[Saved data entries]
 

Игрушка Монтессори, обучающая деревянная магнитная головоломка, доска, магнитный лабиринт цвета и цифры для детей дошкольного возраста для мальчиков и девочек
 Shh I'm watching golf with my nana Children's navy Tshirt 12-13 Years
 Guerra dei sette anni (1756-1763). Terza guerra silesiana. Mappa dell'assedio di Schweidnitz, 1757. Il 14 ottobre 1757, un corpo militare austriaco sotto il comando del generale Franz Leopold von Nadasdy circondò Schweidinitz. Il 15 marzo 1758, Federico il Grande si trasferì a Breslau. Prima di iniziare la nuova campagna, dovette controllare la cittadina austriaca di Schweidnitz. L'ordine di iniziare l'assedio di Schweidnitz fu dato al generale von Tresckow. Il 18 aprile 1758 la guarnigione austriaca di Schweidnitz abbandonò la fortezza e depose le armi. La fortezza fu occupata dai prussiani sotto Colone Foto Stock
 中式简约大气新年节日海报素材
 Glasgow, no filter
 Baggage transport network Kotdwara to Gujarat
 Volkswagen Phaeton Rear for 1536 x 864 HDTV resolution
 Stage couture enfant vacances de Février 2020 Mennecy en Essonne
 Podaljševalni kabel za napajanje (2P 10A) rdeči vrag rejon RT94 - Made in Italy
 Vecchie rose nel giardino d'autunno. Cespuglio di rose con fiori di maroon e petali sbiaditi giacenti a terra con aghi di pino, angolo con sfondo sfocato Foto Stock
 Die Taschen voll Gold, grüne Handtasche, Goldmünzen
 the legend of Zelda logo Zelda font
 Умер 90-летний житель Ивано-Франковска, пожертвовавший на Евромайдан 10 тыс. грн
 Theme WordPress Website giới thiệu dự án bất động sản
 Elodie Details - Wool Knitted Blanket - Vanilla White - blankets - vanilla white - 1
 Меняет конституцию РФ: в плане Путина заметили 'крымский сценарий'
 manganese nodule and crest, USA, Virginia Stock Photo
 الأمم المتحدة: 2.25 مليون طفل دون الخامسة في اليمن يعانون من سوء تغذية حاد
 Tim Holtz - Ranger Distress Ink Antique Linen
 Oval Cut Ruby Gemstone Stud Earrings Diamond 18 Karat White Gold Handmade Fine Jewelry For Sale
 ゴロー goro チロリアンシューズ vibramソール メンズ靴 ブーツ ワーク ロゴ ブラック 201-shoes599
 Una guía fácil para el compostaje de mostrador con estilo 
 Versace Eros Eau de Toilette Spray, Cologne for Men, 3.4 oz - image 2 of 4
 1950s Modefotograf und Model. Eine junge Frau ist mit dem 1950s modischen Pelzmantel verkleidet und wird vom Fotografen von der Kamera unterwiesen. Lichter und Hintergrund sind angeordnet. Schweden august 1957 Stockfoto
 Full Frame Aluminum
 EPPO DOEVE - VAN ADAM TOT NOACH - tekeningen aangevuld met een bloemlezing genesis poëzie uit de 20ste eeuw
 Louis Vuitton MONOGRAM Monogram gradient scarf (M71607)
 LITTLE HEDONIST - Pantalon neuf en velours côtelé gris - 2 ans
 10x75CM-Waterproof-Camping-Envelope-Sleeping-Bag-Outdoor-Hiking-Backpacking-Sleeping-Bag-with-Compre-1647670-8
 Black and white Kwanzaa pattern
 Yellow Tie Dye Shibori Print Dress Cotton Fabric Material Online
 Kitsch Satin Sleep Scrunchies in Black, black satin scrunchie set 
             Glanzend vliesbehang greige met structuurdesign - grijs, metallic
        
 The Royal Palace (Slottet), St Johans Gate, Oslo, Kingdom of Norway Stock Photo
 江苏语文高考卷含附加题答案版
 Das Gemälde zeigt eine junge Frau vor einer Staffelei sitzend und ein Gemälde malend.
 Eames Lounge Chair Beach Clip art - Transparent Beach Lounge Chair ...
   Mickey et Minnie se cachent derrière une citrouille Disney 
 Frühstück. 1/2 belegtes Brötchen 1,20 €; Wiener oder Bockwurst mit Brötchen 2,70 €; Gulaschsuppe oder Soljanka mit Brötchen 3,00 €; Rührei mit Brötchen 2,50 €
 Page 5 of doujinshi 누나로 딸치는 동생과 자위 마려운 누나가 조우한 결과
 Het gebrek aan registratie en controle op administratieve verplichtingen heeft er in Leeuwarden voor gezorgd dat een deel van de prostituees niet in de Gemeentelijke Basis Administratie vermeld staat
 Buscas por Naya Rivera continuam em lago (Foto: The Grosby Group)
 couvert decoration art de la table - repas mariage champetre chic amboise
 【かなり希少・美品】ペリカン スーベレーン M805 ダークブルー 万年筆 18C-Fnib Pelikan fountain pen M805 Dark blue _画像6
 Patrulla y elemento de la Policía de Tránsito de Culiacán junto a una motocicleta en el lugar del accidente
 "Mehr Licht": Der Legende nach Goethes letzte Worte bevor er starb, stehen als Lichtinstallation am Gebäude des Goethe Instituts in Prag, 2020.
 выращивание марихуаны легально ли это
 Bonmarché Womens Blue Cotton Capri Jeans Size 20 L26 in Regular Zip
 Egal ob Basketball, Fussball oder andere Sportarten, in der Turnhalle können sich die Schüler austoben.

Task
Render the whole set of entries again, exactly as given.

Exercise solution
Игрушка Монтессори, обучающая деревянная магнитная головоломка, доска, магнитный лабиринт цвета и цифры для детей дошкольного возраста для мальчиков и девочек
 Shh I'm watching golf with my nana Children's navy Tshirt 12-13 Years
 Guerra dei sette anni (1756-1763). Terza guerra silesiana. Mappa dell'assedio di Schweidnitz, 1757. Il 14 ottobre 1757, un corpo militare austriaco sotto il comando del generale Franz Leopold von Nadasdy circondò Schweidinitz. Il 15 marzo 1758, Federico il Grande si trasferì a Breslau. Prima di iniziare la nuova campagna, dovette controllare la cittadina austriaca di Schweidnitz. L'ordine di iniziare l'assedio di Schweidnitz fu dato al generale von Tresckow. Il 18 aprile 1758 la guarnigione austriaca di Schweidnitz abbandonò la fortezza e depose le armi. La fortezza fu occupata dai prussiani sotto Colone Foto Stock
 中式简约大气新年节日海报素材
 Glasgow, no filter
 Baggage transport network Kotdwara to Gujarat
 Volkswagen Phaeton Rear for 1536 x 864 HDTV resolution
 Stage couture enfant vacances de Février 2020 Mennecy en Essonne
 Podaljševalni kabel za napajanje (2P 10A) rdeči vrag rejon RT94 - Made in Italy
 Vecchie rose nel giardino d'autunno. Cespuglio di rose con fiori di maroon e petali sbiaditi giacenti a terra con aghi di pino, angolo con sfondo sfocato Foto Stock
 Die Taschen voll Gold, grüne Handtasche, Goldmünzen
 the legend of Zelda logo Zelda font
 Умер 90-летний житель Ивано-Франковска, пожертвовавший на Евромайдан 10 тыс. грн
 Theme WordPress Website giới thiệu dự án bất động sản
 Elodie Details - Wool Knitted Blanket - Vanilla White - blankets - vanilla white - 1
 Меняет конституцию РФ: в плане Путина заметили 'крымский сценарий'
 manganese nodule and crest, USA, Virginia Stock Photo
 الأمم المتحدة: 2.25 مليون طفل دون الخامسة في اليمن يعانون من سوء تغذية حاد
 Tim Holtz - Ranger Distress Ink Antique Linen
 Oval Cut Ruby Gemstone Stud Earrings Diamond 18 Karat White Gold Handmade Fine Jewelry For Sale
 ゴロー goro チロリアンシューズ vibramソール メンズ靴 ブーツ ワーク ロゴ ブラック 201-shoes599
 Una guía fácil para el compostaje de mostrador con estilo 
 Versace Eros Eau de Toilette Spray, Cologne for Men, 3.4 oz - image 2 of 4
 1950s Modefotograf und Model. Eine junge Frau ist mit dem 1950s modischen Pelzmantel verkleidet und wird vom Fotografen von der Kamera unterwiesen. Lichter und Hintergrund sind angeordnet. Schweden august 1957 Stockfoto
 Full Frame Aluminum
 EPPO DOEVE - VAN ADAM TOT NOACH - tekeningen aangevuld met een bloemlezing genesis poëzie uit de 20ste eeuw
 Louis Vuitton MONOGRAM Monogram gradient scarf (M71607)
 LITTLE HEDONIST - Pantalon neuf en velours côtelé gris - 2 ans
 10x75CM-Waterproof-Camping-Envelope-Sleeping-Bag-Outdoor-Hiking-Backpacking-Sleeping-Bag-with-Compre-1647670-8
 Black and white Kwanzaa pattern
 Yellow Tie Dye Shibori Print Dress Cotton Fabric Material Online
 Kitsch Satin Sleep Scrunchies in Black, black satin scrunchie set 
             Glanzend vliesbehang greige met structuurdesign - grijs, metallic
        
 The Royal Palace (Slottet), St Johans Gate, Oslo, Kingdom of Norway Stock Photo
 江苏语文高考卷含附加题答案版
 Das Gemälde zeigt eine junge Frau vor einer Staffelei sitzend und ein Gemälde malend.
 Eames Lounge Chair Beach Clip art - Transparent Beach Lounge Chair ...
   Mickey et Minnie se cachent derrière une citrouille Disney 
 Frühstück. 1/2 belegtes Brötchen 1,20 €; Wiener oder Bockwurst mit Brötchen 2,70 €; Gulaschsuppe oder Soljanka mit Brötchen 3,00 €; Rührei mit Brötchen 2,50 €
 Page 5 of doujinshi 누나로 딸치는 동생과 자위 마려운 누나가 조우한 결과
 Het gebrek aan registratie en controle op administratieve verplichtingen heeft er in Leeuwarden voor gezorgd dat een deel van de prostituees niet in de Gemeentelijke Basis Administratie vermeld staat
 Buscas por Naya Rivera continuam em lago (Foto: The Grosby Group)
 couvert decoration art de la table - repas mariage champetre chic amboise
 【かなり希少・美品】ペリカン スーベレーン M805 ダークブルー 万年筆 18C-Fnib Pelikan fountain pen M805 Dark blue _画像6
 Patrulla y elemento de la Policía de Tránsito de Culiacán junto a una motocicleta en el lugar del accidente
 "Mehr Licht": Der Legende nach Goethes letzte Worte bevor er starb, stehen als Lichtinstallation am Gebäude des Goethe Instituts in Prag, 2020.
 выращивание марихуаны легально ли это
 Bonmarché Womens Blue Cotton Capri Jeans Size 20 L26 in Regular Zip
 Egal ob Basketball, Fussball oder andere Sportarten, in der Turnhalle können sich die Schüler austoben.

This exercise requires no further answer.